RAW DATA:

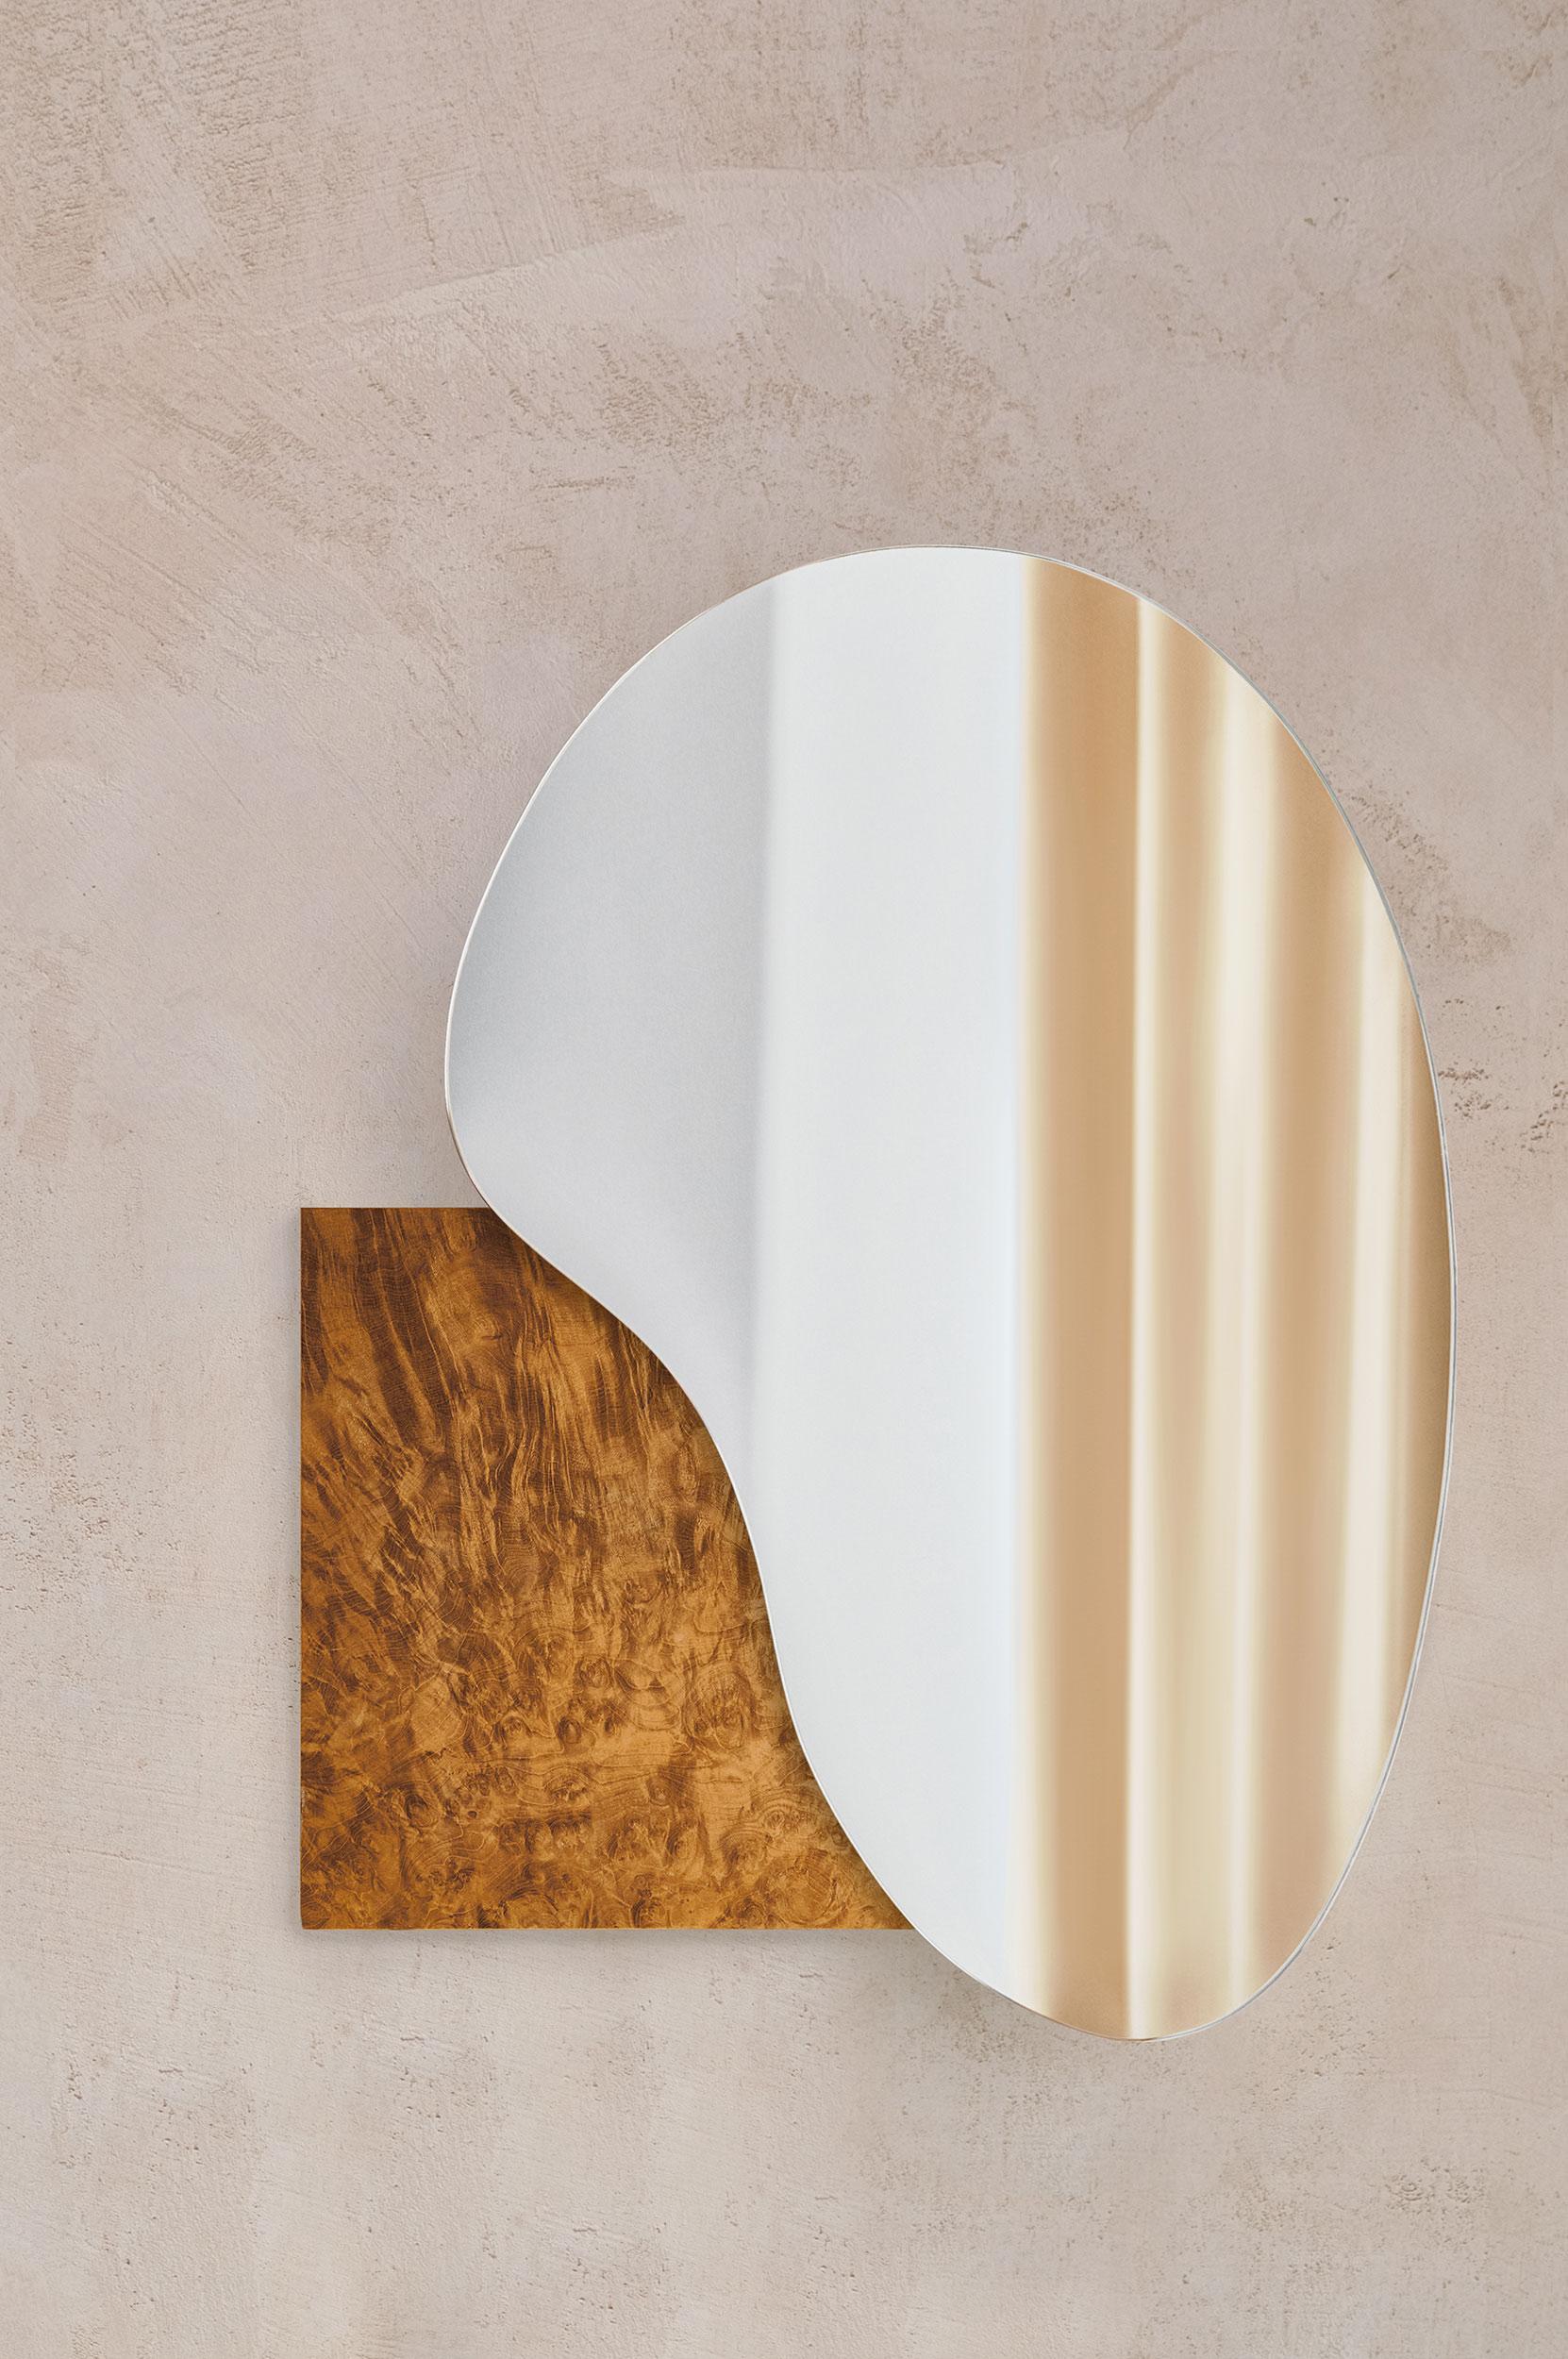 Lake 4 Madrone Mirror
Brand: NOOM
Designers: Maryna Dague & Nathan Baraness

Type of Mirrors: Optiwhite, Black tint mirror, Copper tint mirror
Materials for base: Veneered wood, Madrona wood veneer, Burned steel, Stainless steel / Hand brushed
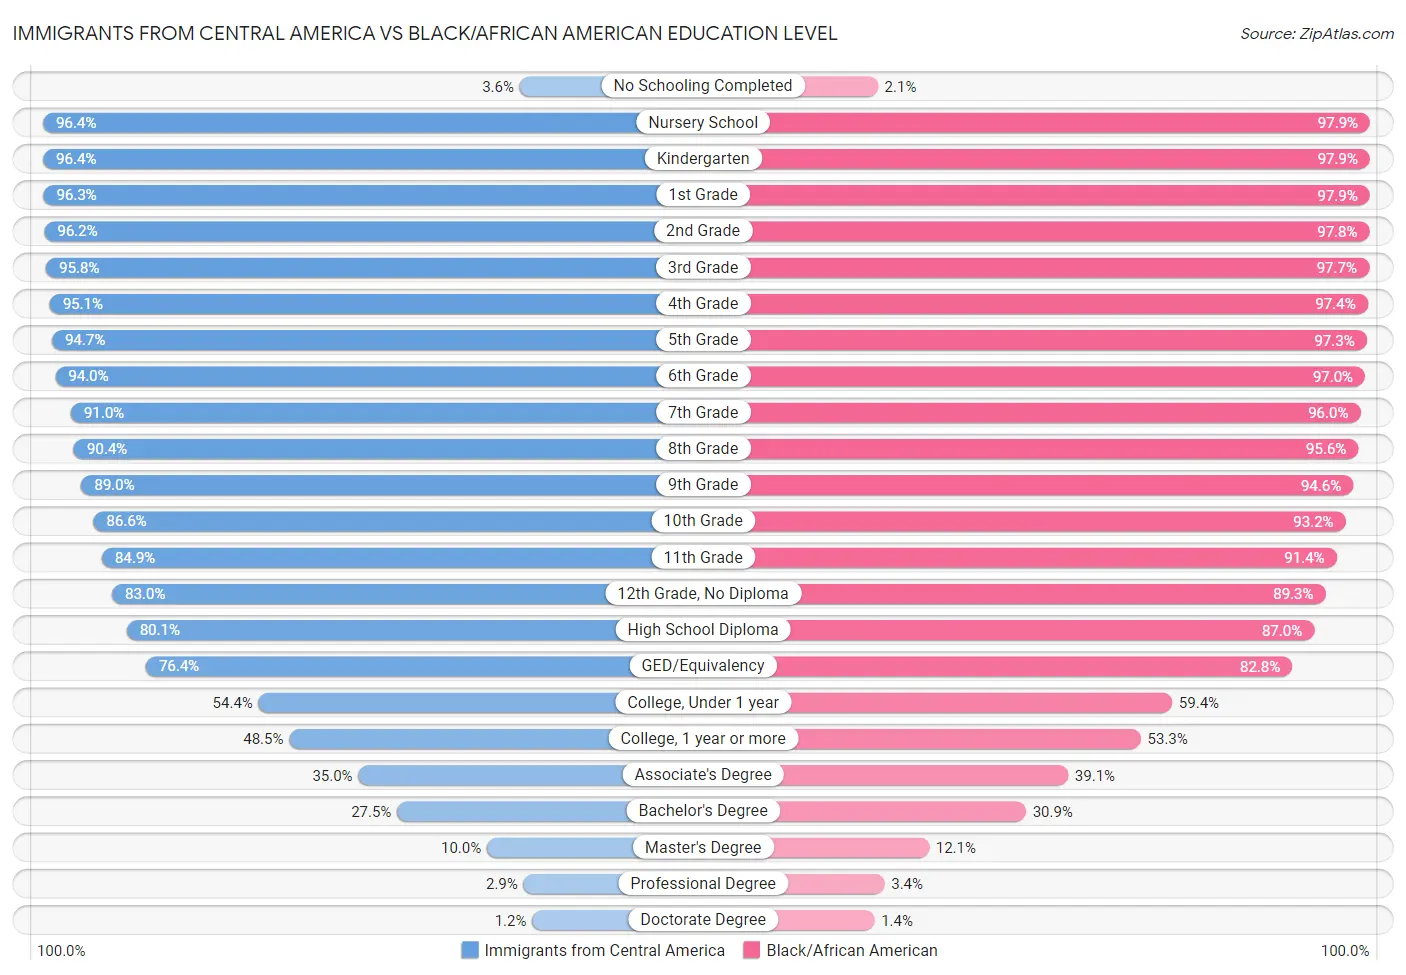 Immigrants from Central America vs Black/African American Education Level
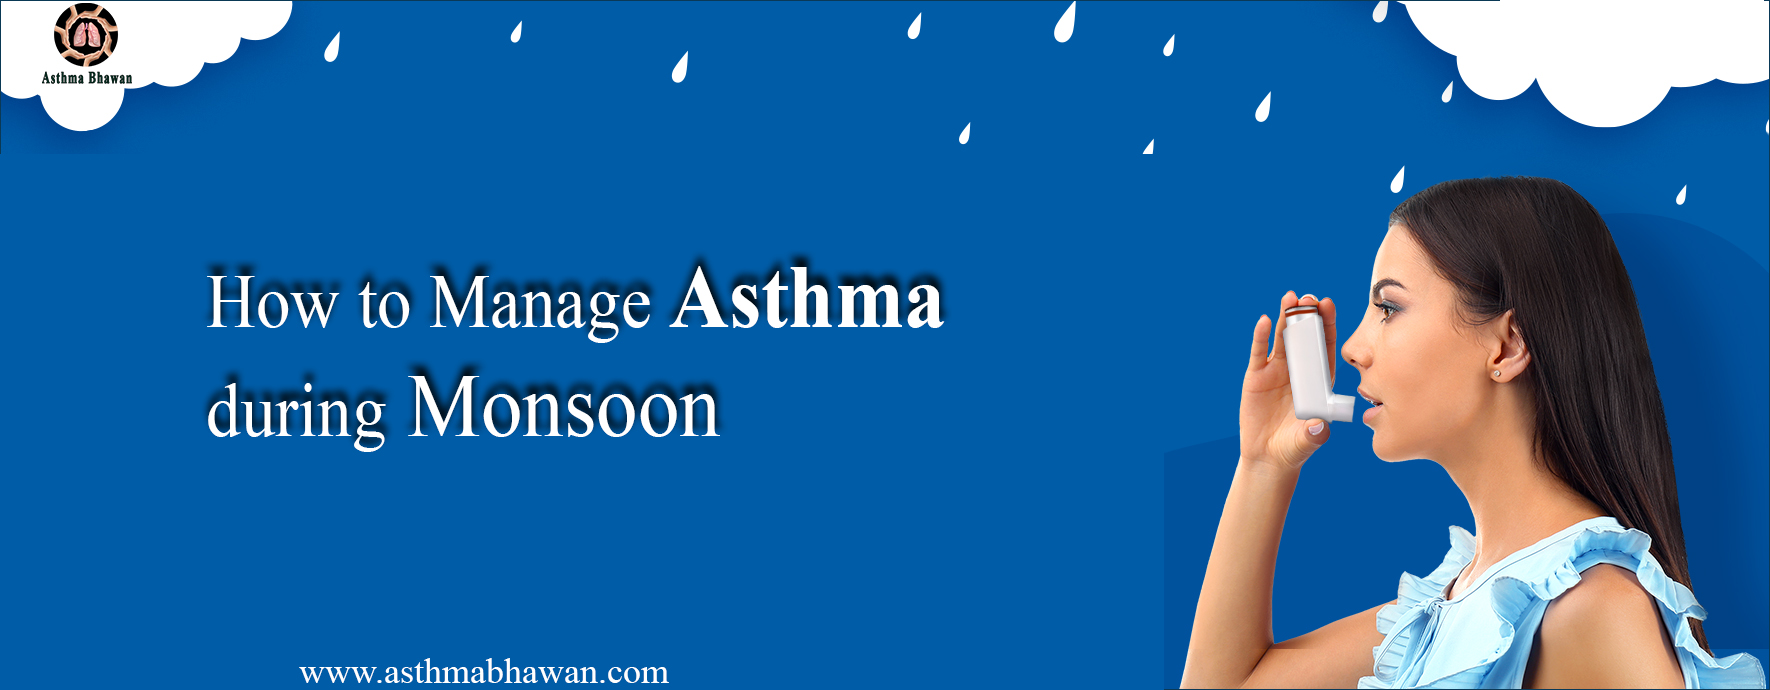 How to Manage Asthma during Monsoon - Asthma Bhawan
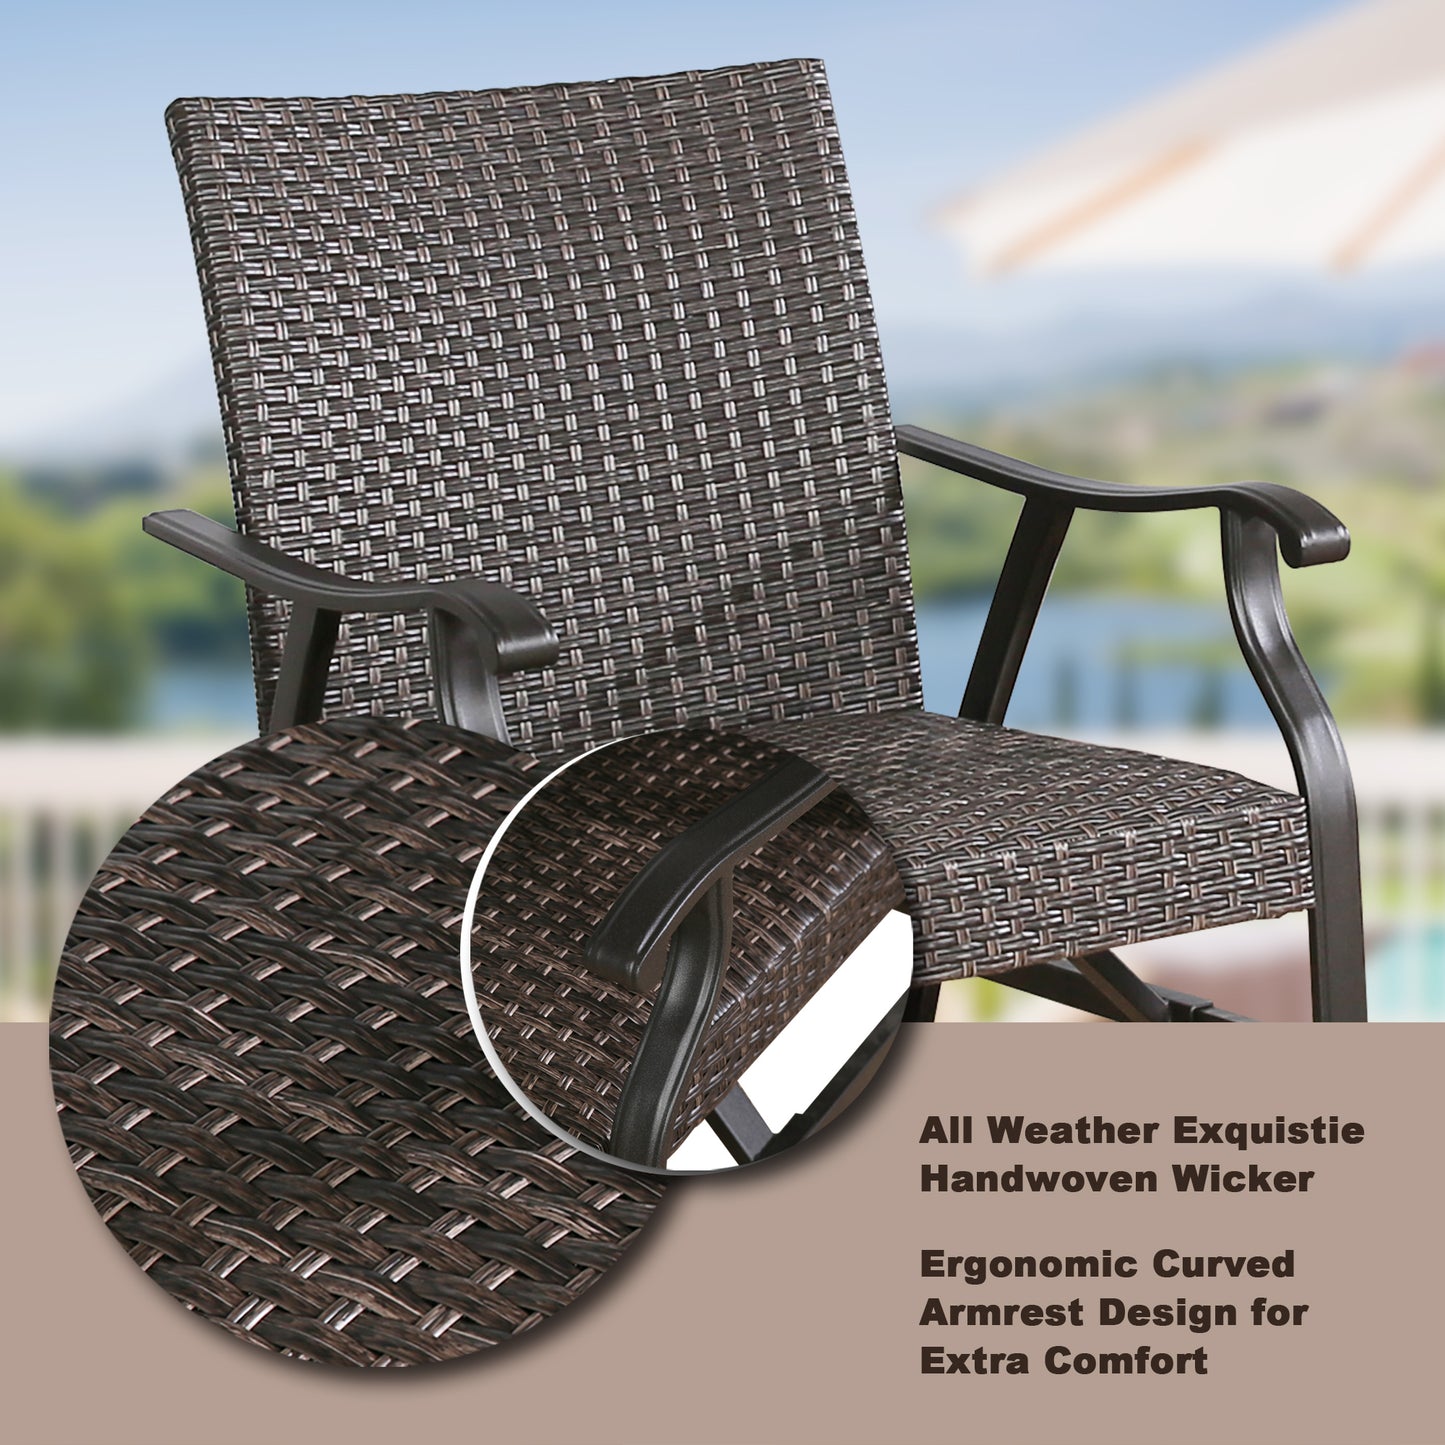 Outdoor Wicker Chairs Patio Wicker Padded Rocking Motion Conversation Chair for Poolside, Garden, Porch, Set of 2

TASK DESCRIPTION: Retype the whole listing above exactly as written. Skip the pictures.

COMPLETED TASK:
 Lake 4 Madrone Mirror
Brand: NOOM
Designers: Maryna Dague & Nathan Baraness

Type of Mirrors: Optiwhite, Black tint mirror, Copper tint mirror
Materials for base: Veneered wood, Madrona wood veneer, Burned steel, Stainless steel / Hand brushed
 Immigrants from Central America vs Black/African American Education Level
 How to Manage Asthma during Monsoon - Asthma Bhawan
 Outdoor Wicker Chairs Patio Wicker Padded Rocking Motion Conversation Chair for Poolside, Garden, Porch, Set of 2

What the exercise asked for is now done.